SOURCE DATA Block Start
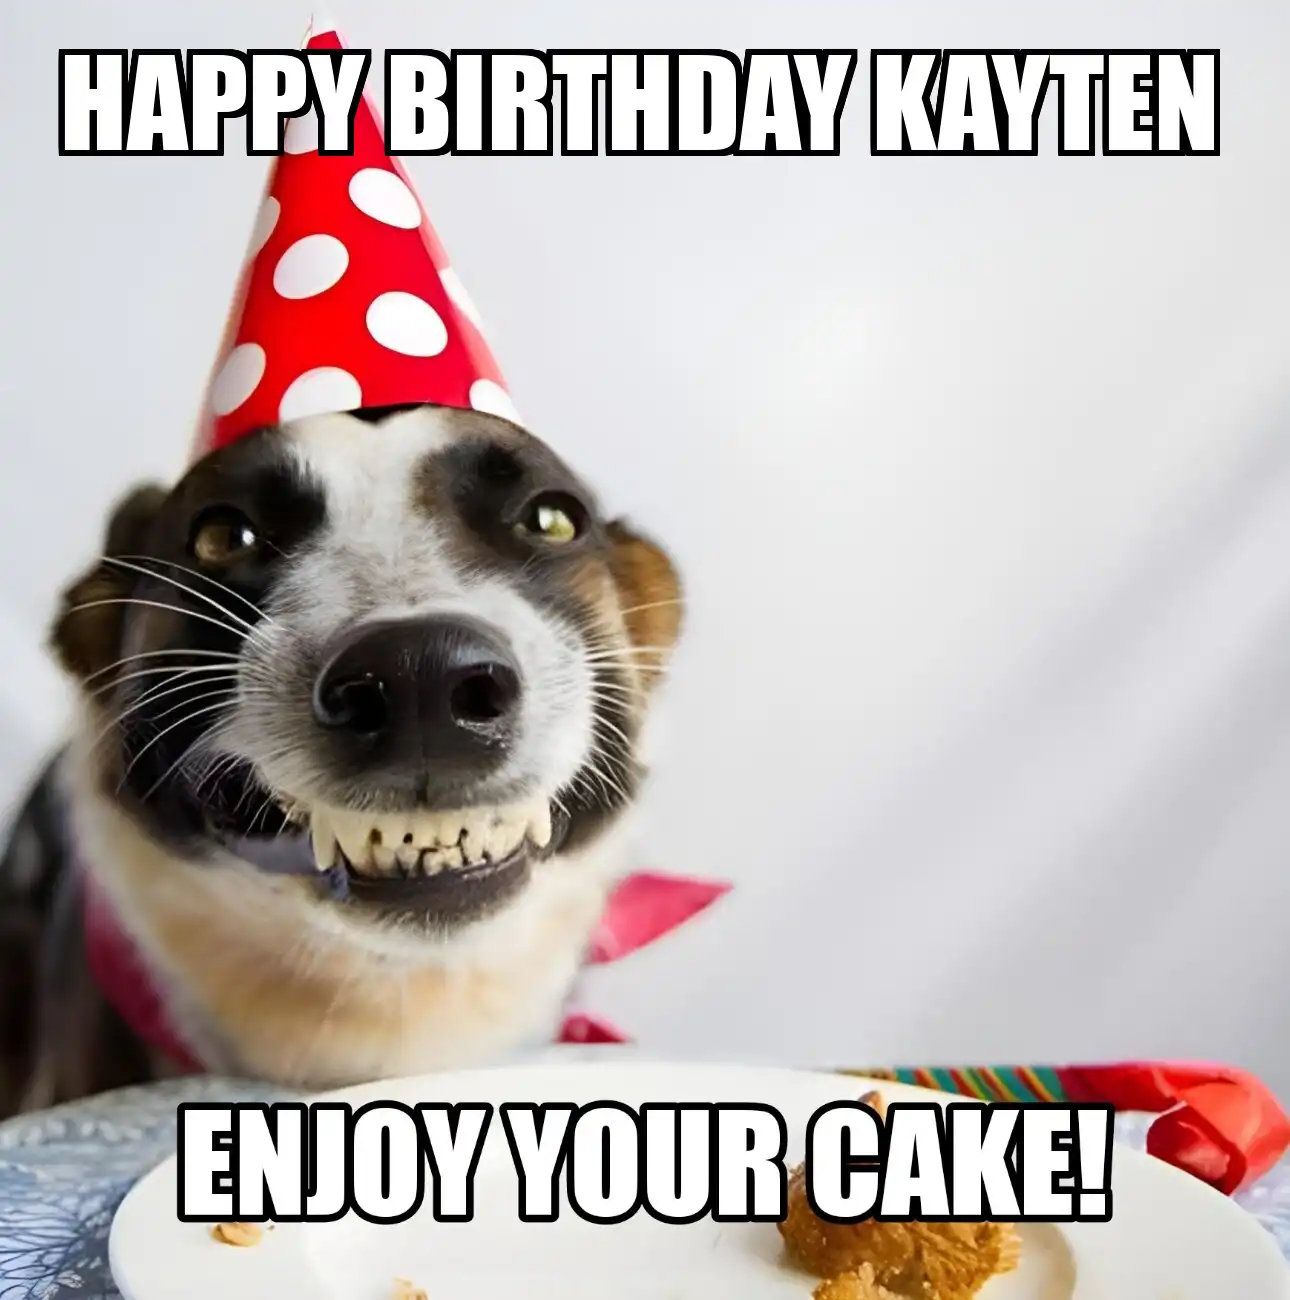 Happy Birthday Kayten Enjoy Your Cake Dog Meme
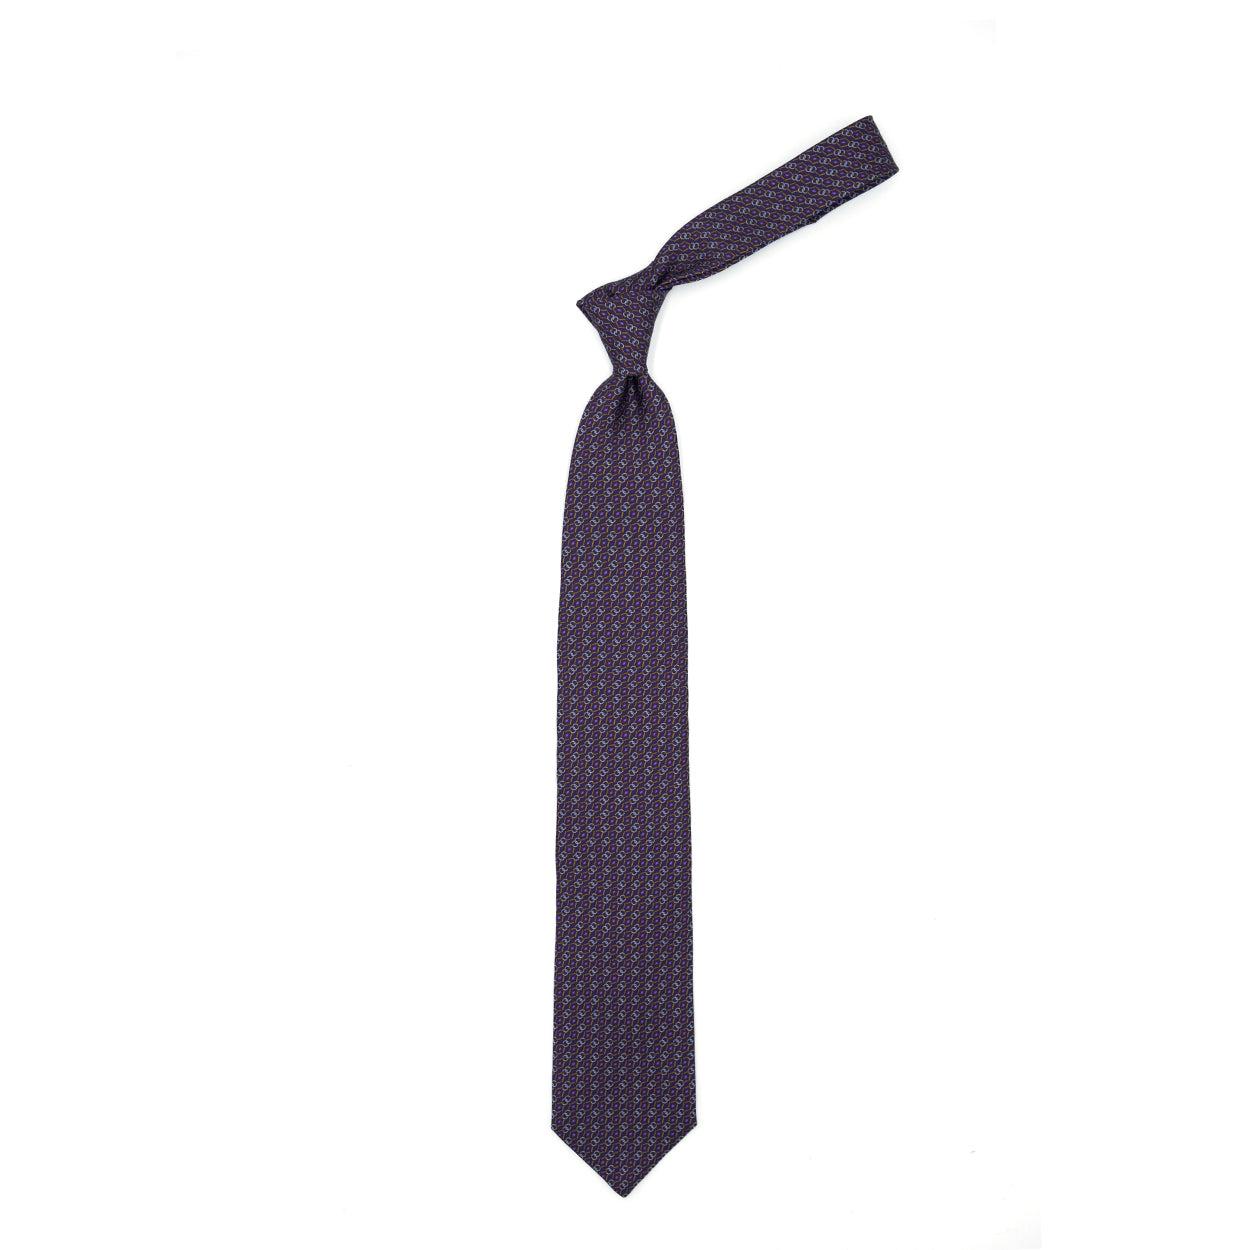 Cravatta viola con pattern astratto
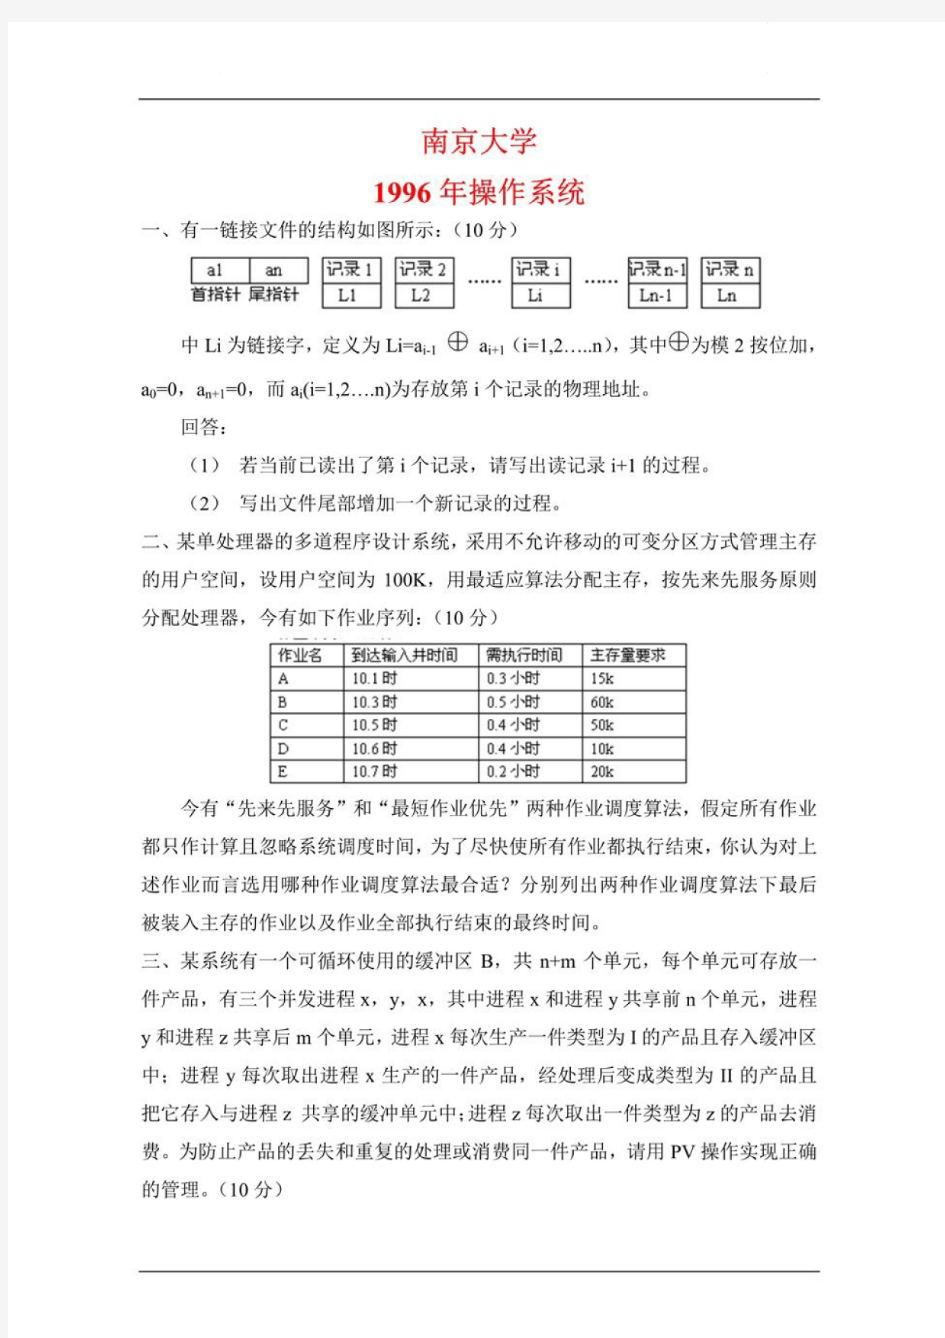 南京大学842数据结构、软件工程、操作系统和计算机网络96-08.13-18年真题
SOURCE DATA Block End
• [INSTRUCTIONS TO FOLLOW] Could you transcribe the material above exactly, keeping every picture out?

• [WRITTEN RESPONSE]
 Happy Birthday Kayten Enjoy Your Cake Dog Meme
 Cravatta viola con pattern astratto
 南京大学842数据结构、软件工程、操作系统和计算机网络96-08.13-18年真题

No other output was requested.